> [WORK TO COMPLETE]: Nothing but the lines below from the one containing "Peter Millar Bedford Outerwear Vest" through the one containing "women, 30 ml" should appear in the answer, exact and without pictures.

> [EXTRACTED MATERIAL]:

▬▬▬▬▬▬▬▬▬▬

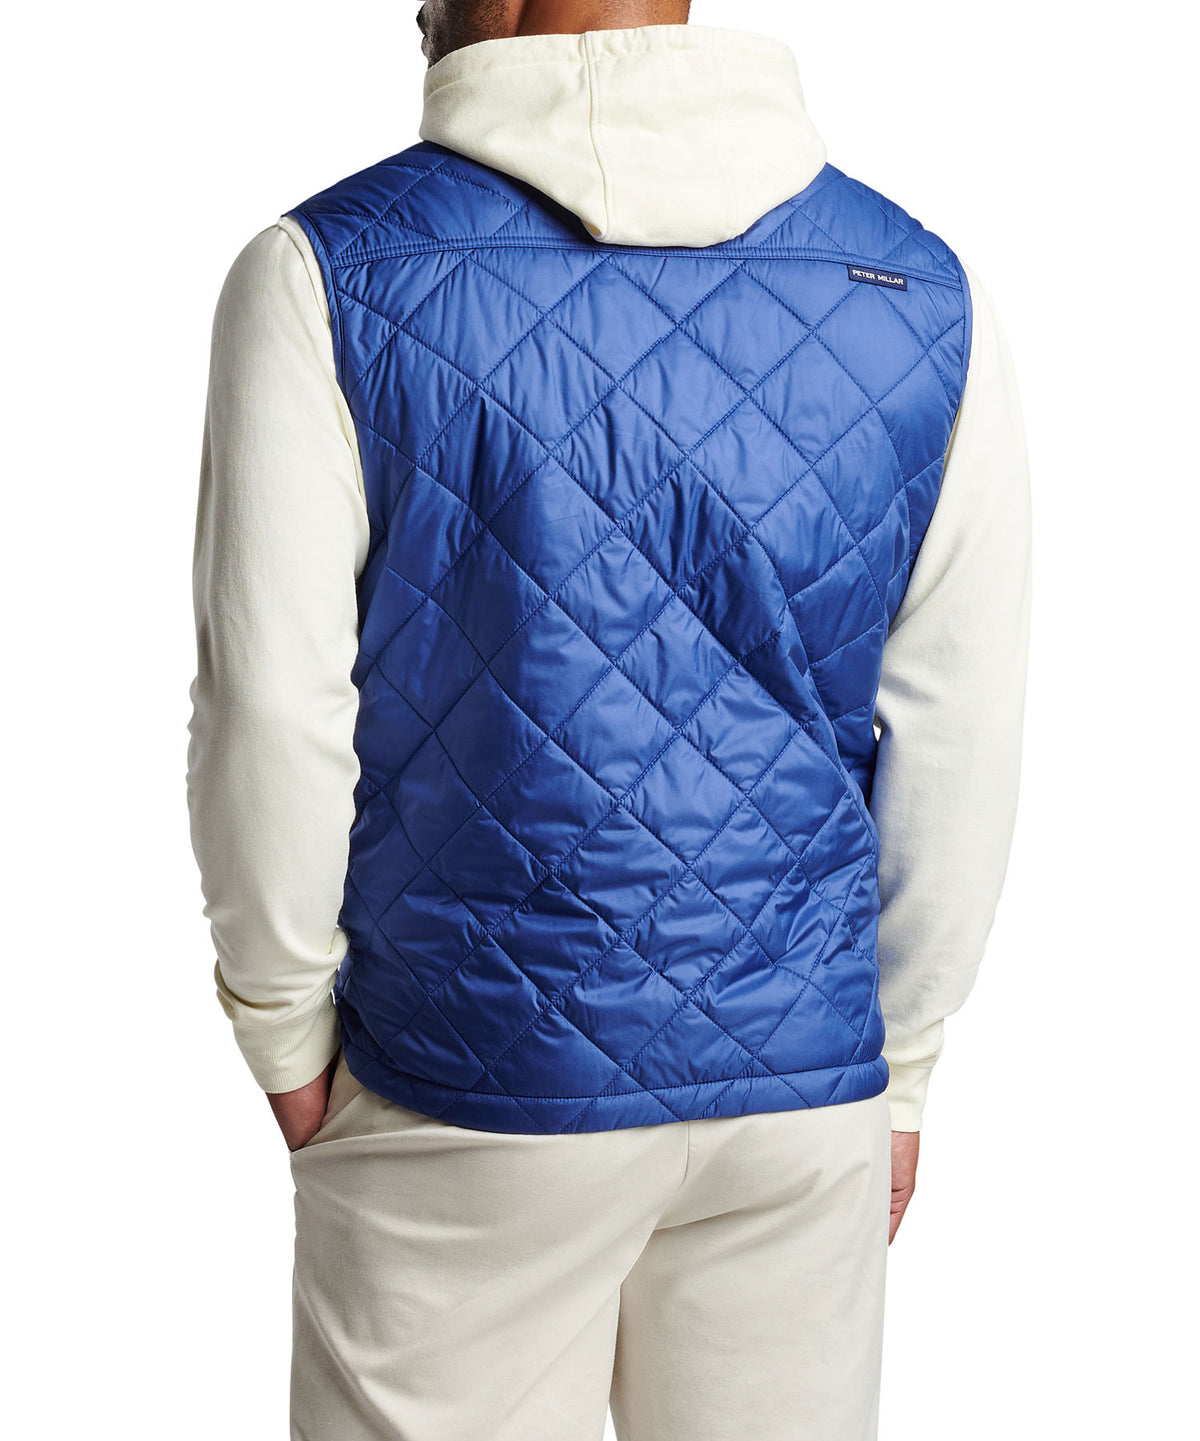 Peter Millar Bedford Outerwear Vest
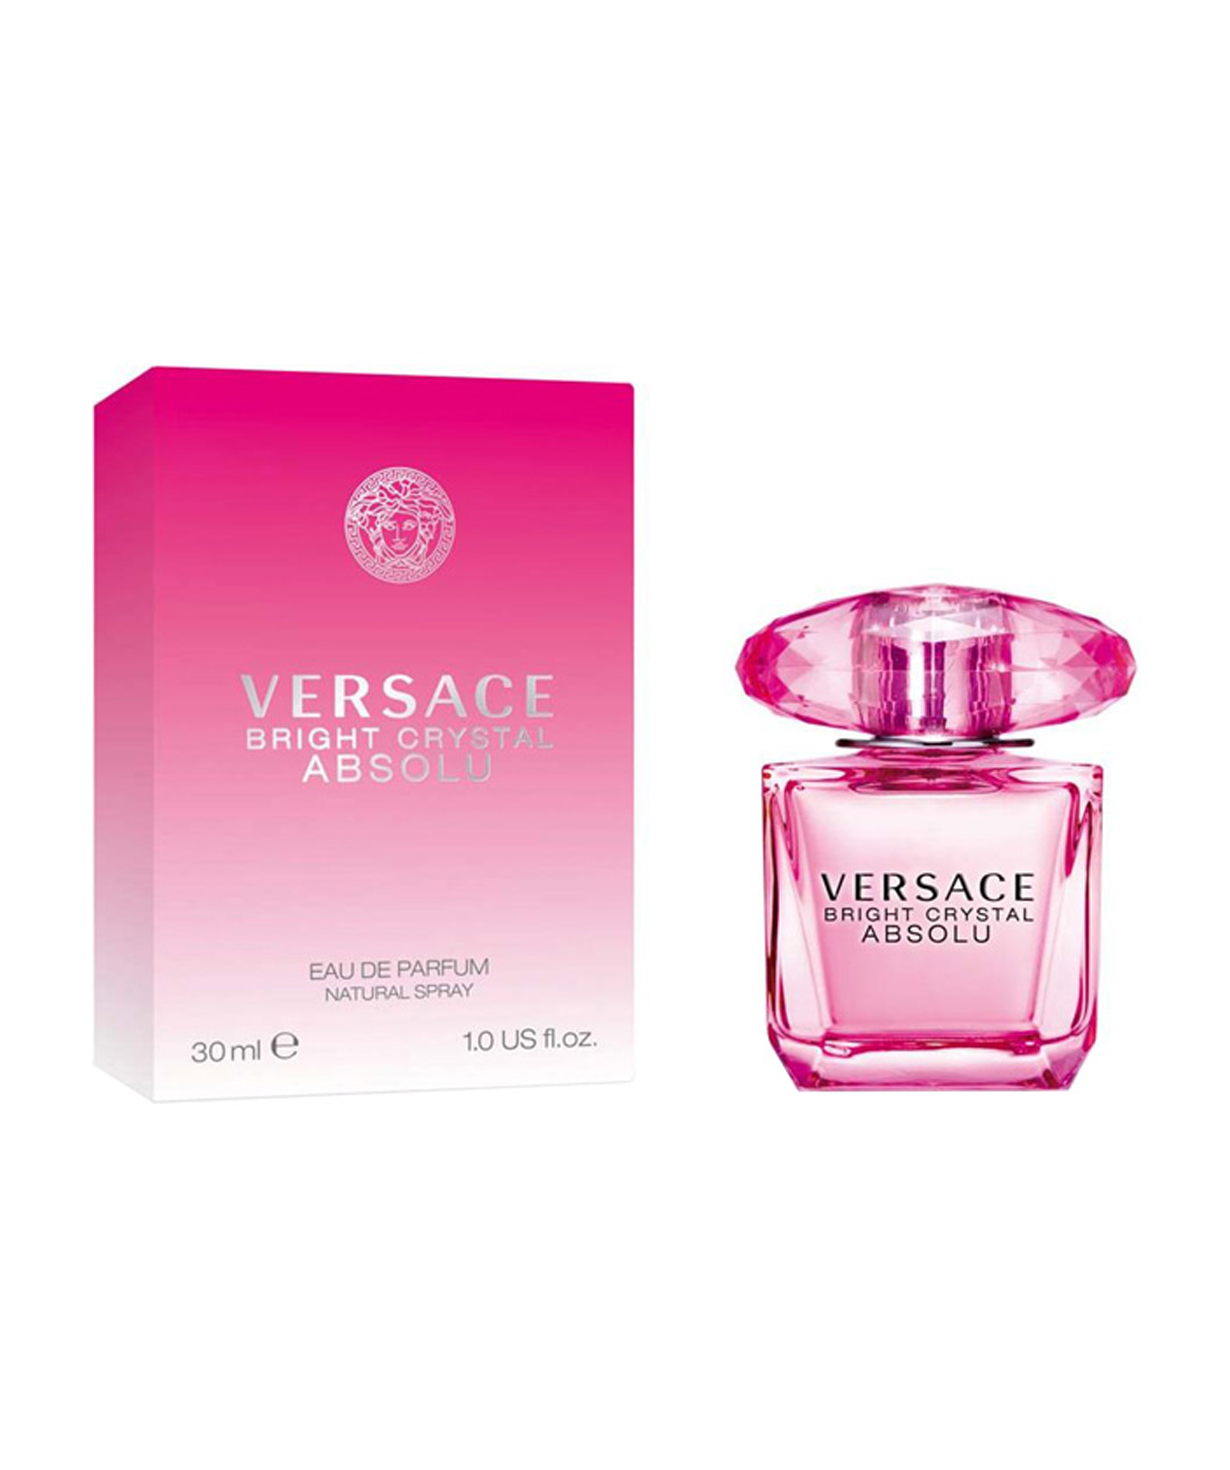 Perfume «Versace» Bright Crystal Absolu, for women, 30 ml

▬▬▬▬▬▬▬▬▬▬

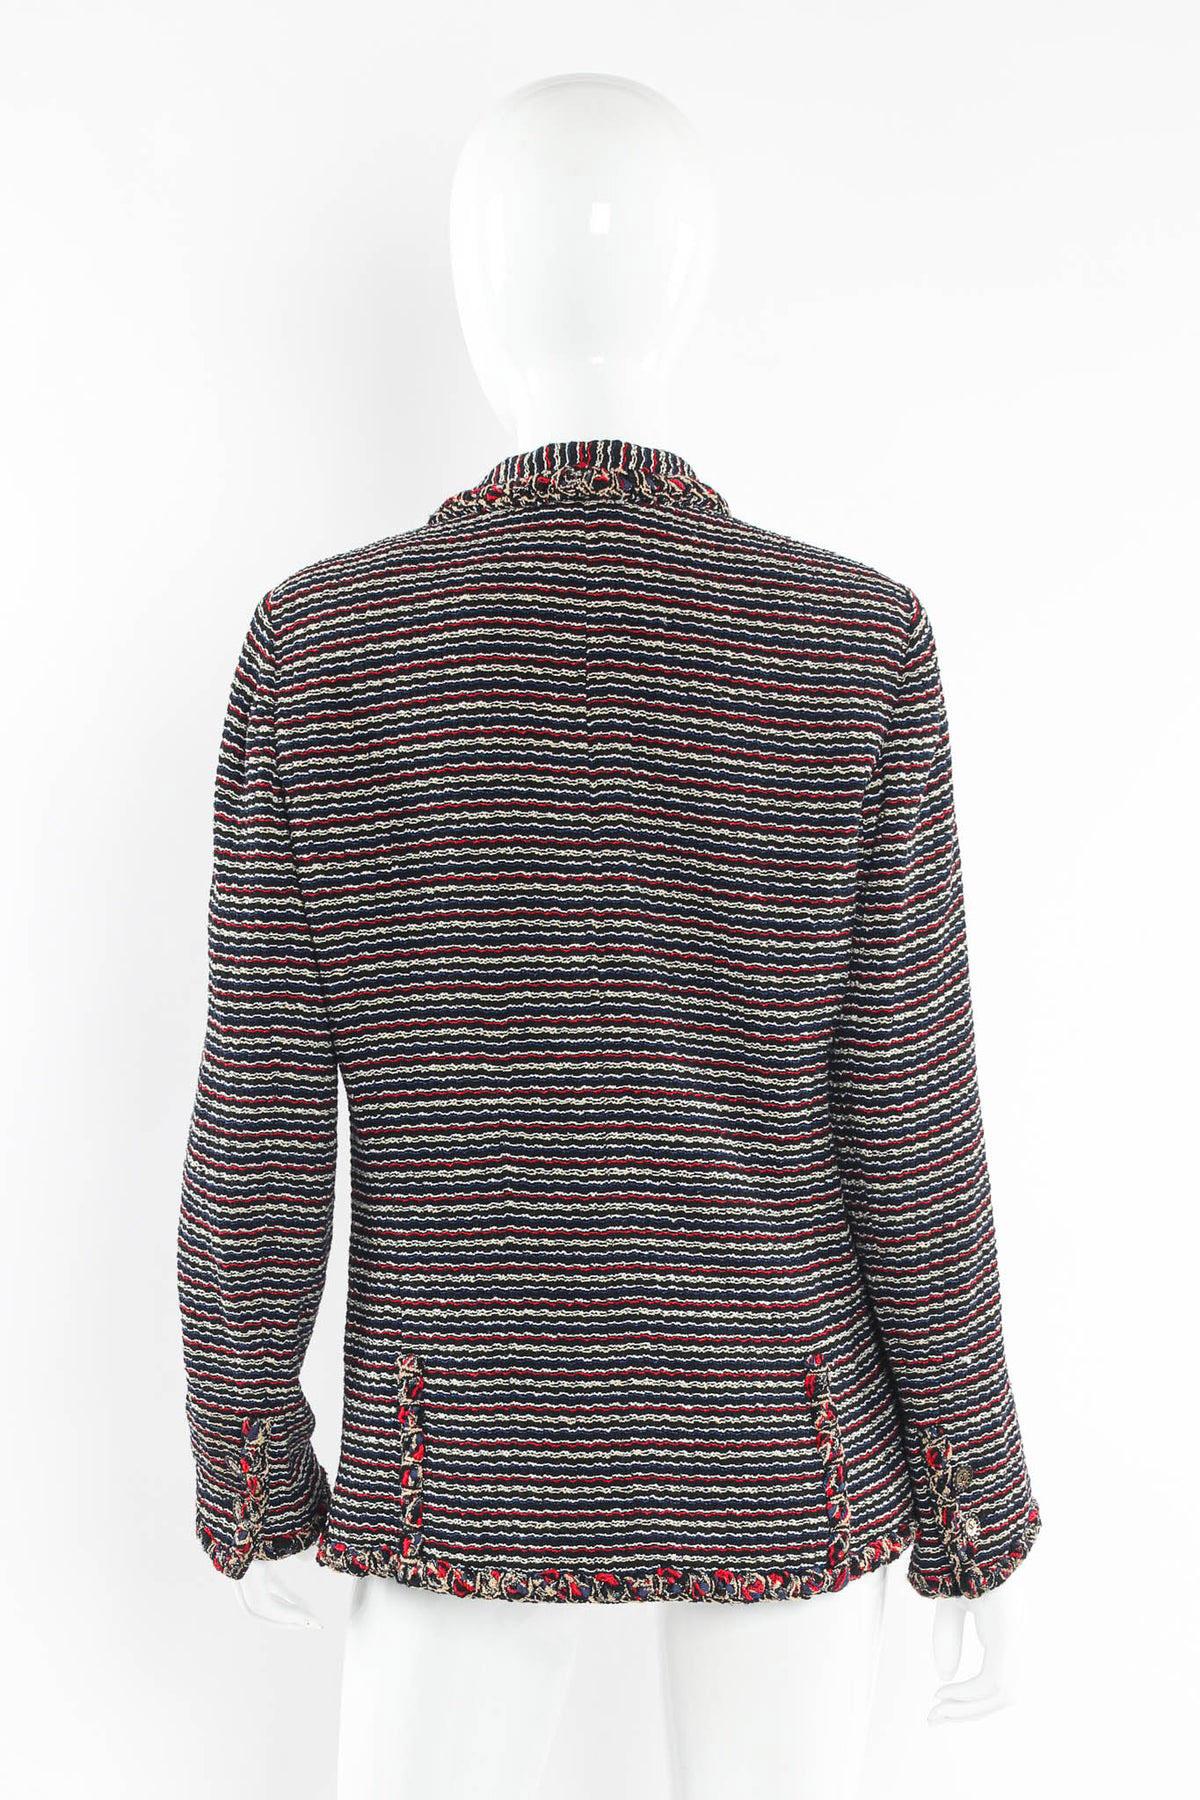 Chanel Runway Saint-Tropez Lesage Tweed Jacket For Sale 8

▬▬▬▬▬▬▬▬▬▬

> [SOLUTION TO THE EXERCISE]:
 Peter Millar Bedford Outerwear Vest
 Perfume «Versace» Bright Crystal Absolu, for women, 30 ml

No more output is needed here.